» TASK GOAL
Copy out exactly, from the entries that follow, the line holding "Cedar Rapids colorful", the line holding "Mercedes Benz S65 Amg Hd Wallpaper", and all lines between them, but no pictures.

» GIVEN INFORMATION
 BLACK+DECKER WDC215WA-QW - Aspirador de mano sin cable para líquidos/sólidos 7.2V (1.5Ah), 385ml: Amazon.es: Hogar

--

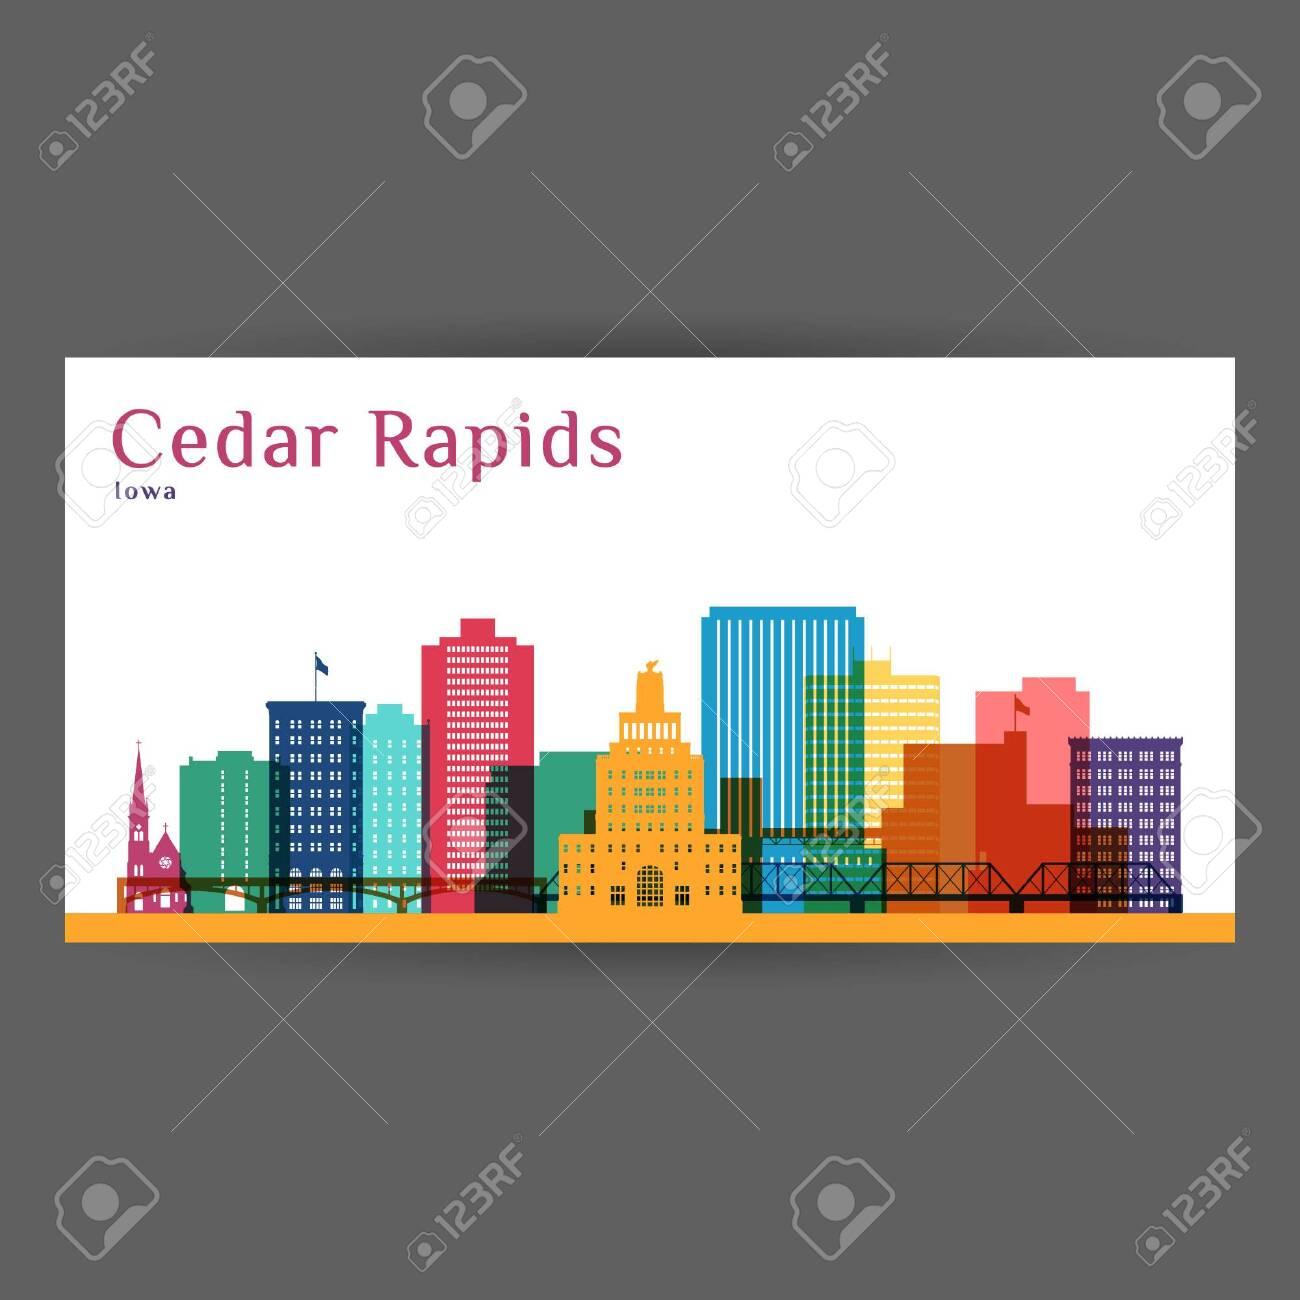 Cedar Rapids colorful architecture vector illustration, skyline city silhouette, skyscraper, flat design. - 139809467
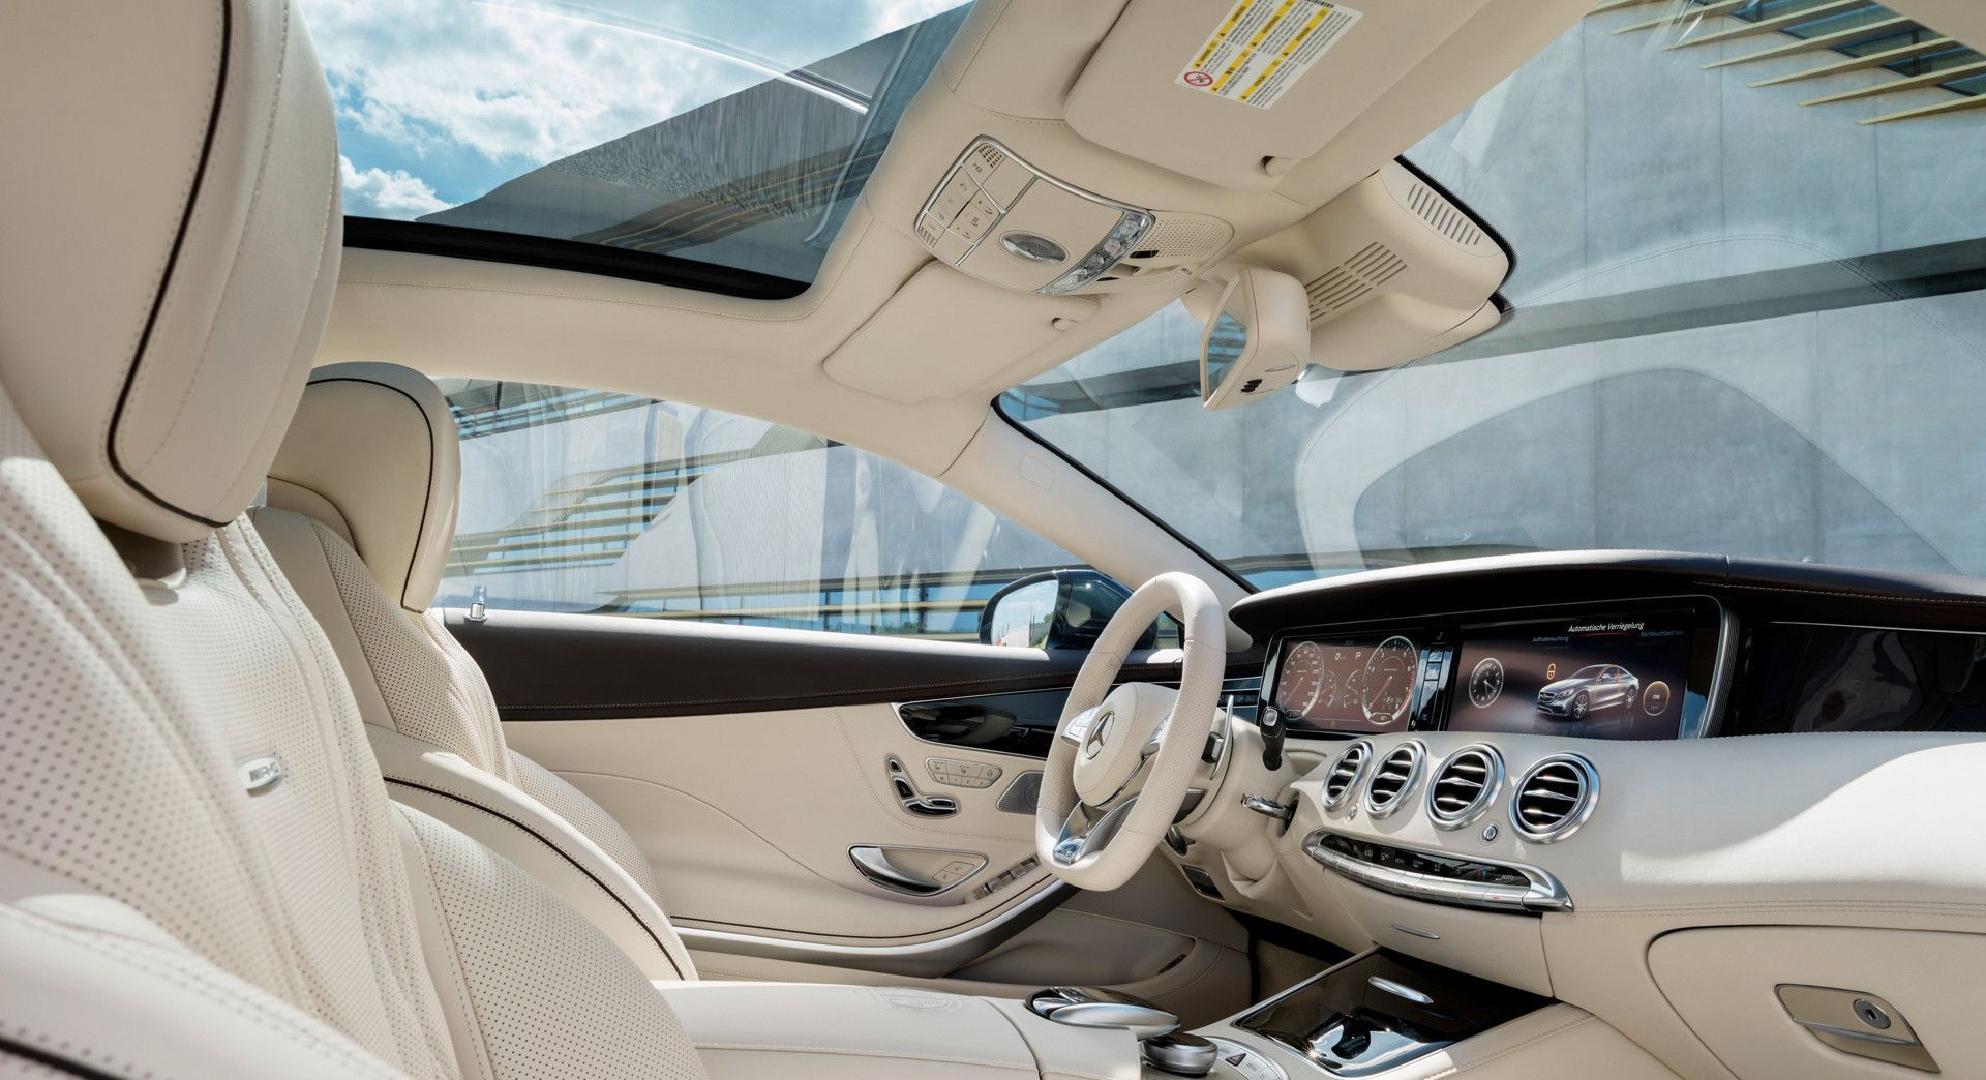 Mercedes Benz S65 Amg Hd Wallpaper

» WRITTEN RESPONSE
 Cedar Rapids colorful architecture vector illustration, skyline city silhouette, skyscraper, flat design. - 139809467
 Mercedes Benz S65 Amg Hd Wallpaper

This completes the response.